Another glaring problem with this false claim is the lack of crimes committed by students on campus. If students were as dangerous as these professors claim, then they would be assaulting, raping and murdering one another on a regular basis. College campuses are dangerous not because of students, but because most attacks are committed by non-students targeting school campuses because they know students will be unarmed and defenseless.
Any student whether male or female, young or old, large or small can be and are victims of crimes on campus. Nevertheless, every student is in greater danger when attending classes at night and this is especially true for females. The lame, almost insulting, solution offered by school officials is to have a campus police officer walk you to your car. That would be a good plan, except that there are not enough campus police officers to escort every female student from her classroom to her car or dorm room.
By the time SB11 is up for debate and vote, the Texas Concealed Handgun License statute will be twenty years old. Over the last two decades, Texas CHLs have established a track record that proves they are the most law-abiding segment of Texans. A long-running comparison of crime statistics for Texas CHLs and the general population prove CHLs are over seventeen times less likely to commit a crime than is the general public. This includes the very professors who preach doom and gloom every session when campus-carry is heard in public hearings.
Since empirical evidence conclusively proves that Texas CHLs are law-abiding citizens, are we to believe that they will suddenly and inexplicably become homicidal maniacs simply because they step across a threshold into a building? Okay, that is a bit of hyperbole, but the point is clear. In order to argue that CHLs are a danger on campus when they unquestionably are not off campus, one must believe that there is something about going to college that causes a psychotic break.
Some professors have argued that college student life is so stressful that it can cause an otherwise nonviolent person to strikeout physically against a professor. Professors, you are not nearly as important or powerful as you apparently wish. While the demands and workload of college is sometimes stressful, those stressors do not compare with working, raising a family, maintaining a good marriage, and the numerous other demands that life brings. Yet with all this stress, Texas CHLs have maintained an enviable record for twenty years.

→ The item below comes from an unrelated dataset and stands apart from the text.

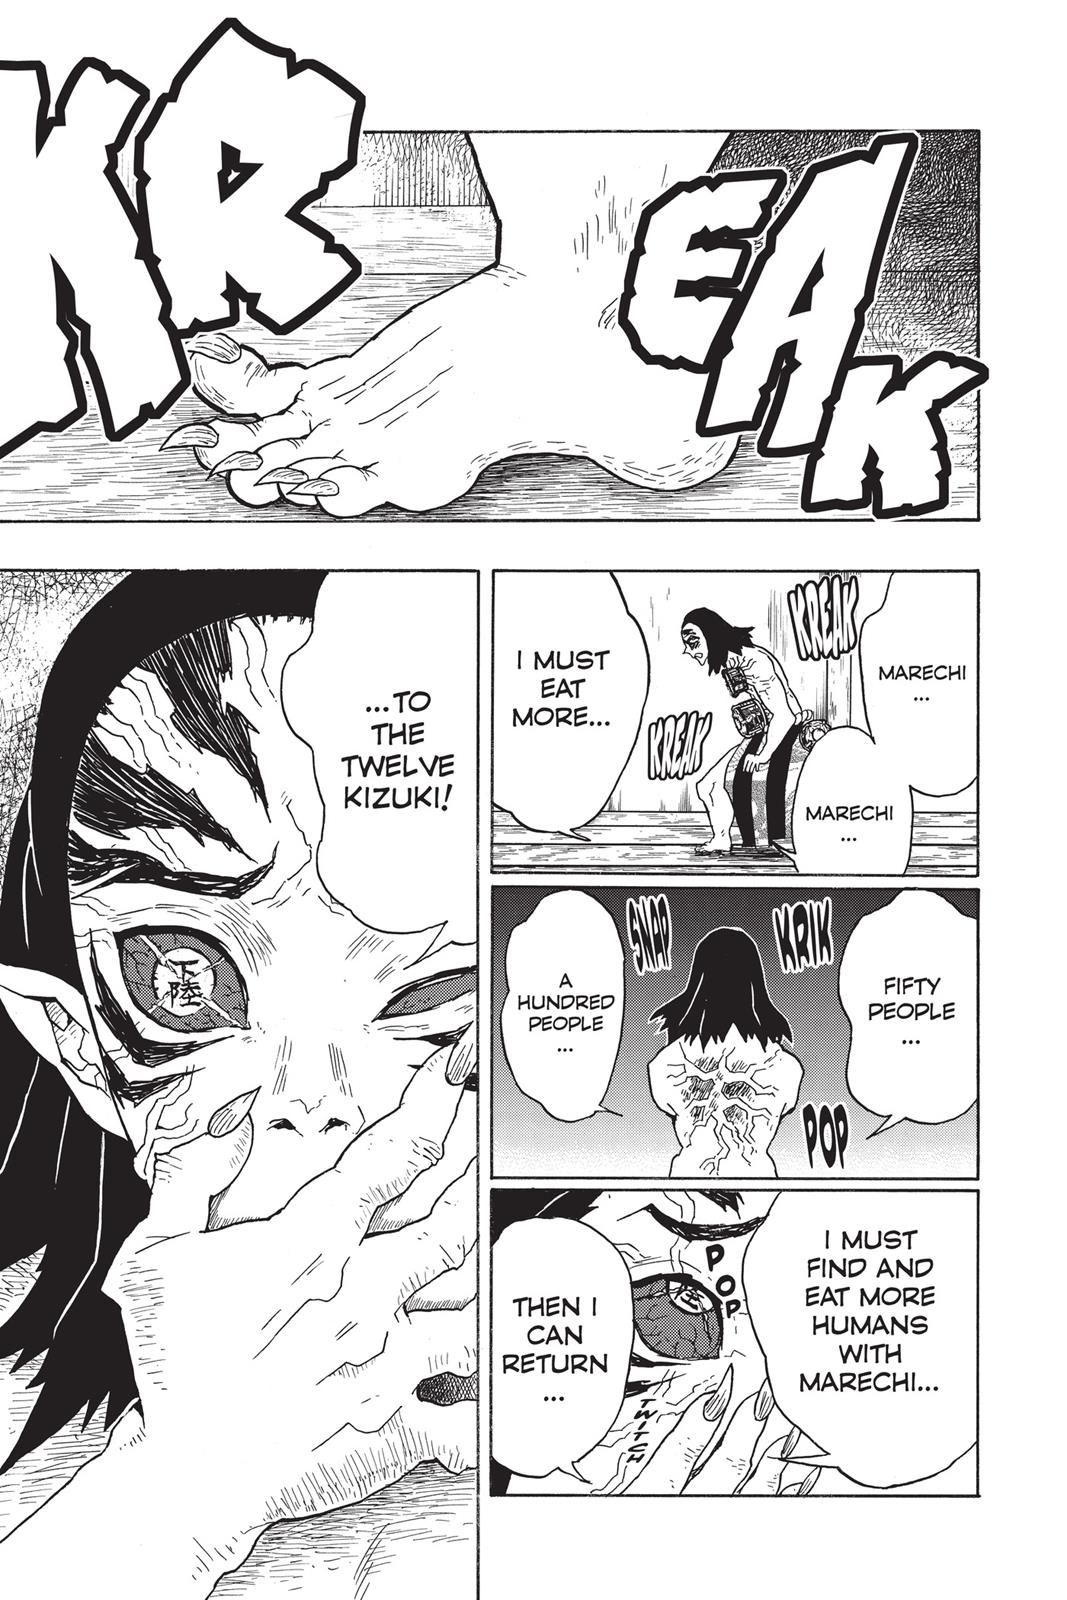 Demon Slayer Manga Manga Chapter - 23 - image 14

Admittedly, this article has been a bit condescending toward those who oppose campus-carry, but after hearing absolute lies and absurd claims by professors and a few students for three sessions, patience is wearing thin. It is one thing to disagree on an issue based upon facts, but lies and absurd prognostications hardly serve to generate a statesmanlike debate.
Here are the clear facts. College students are robbed, assaulted, raped and murdered on campus. The people that SB11 will allow to carry self-defense handguns on campus are at least 21 years of age, so we are talking about upper classmen and graduate students. The fact that some students can carry handguns on campus will increase campus safety for all students because would-be attackers will not know who is armed.
All Texans, especially college students and their loved ones, owe Senator Birdwell and the eighteen other authors of SB11 a rousing “thank you” for stepping into the fight for campus safety again this year.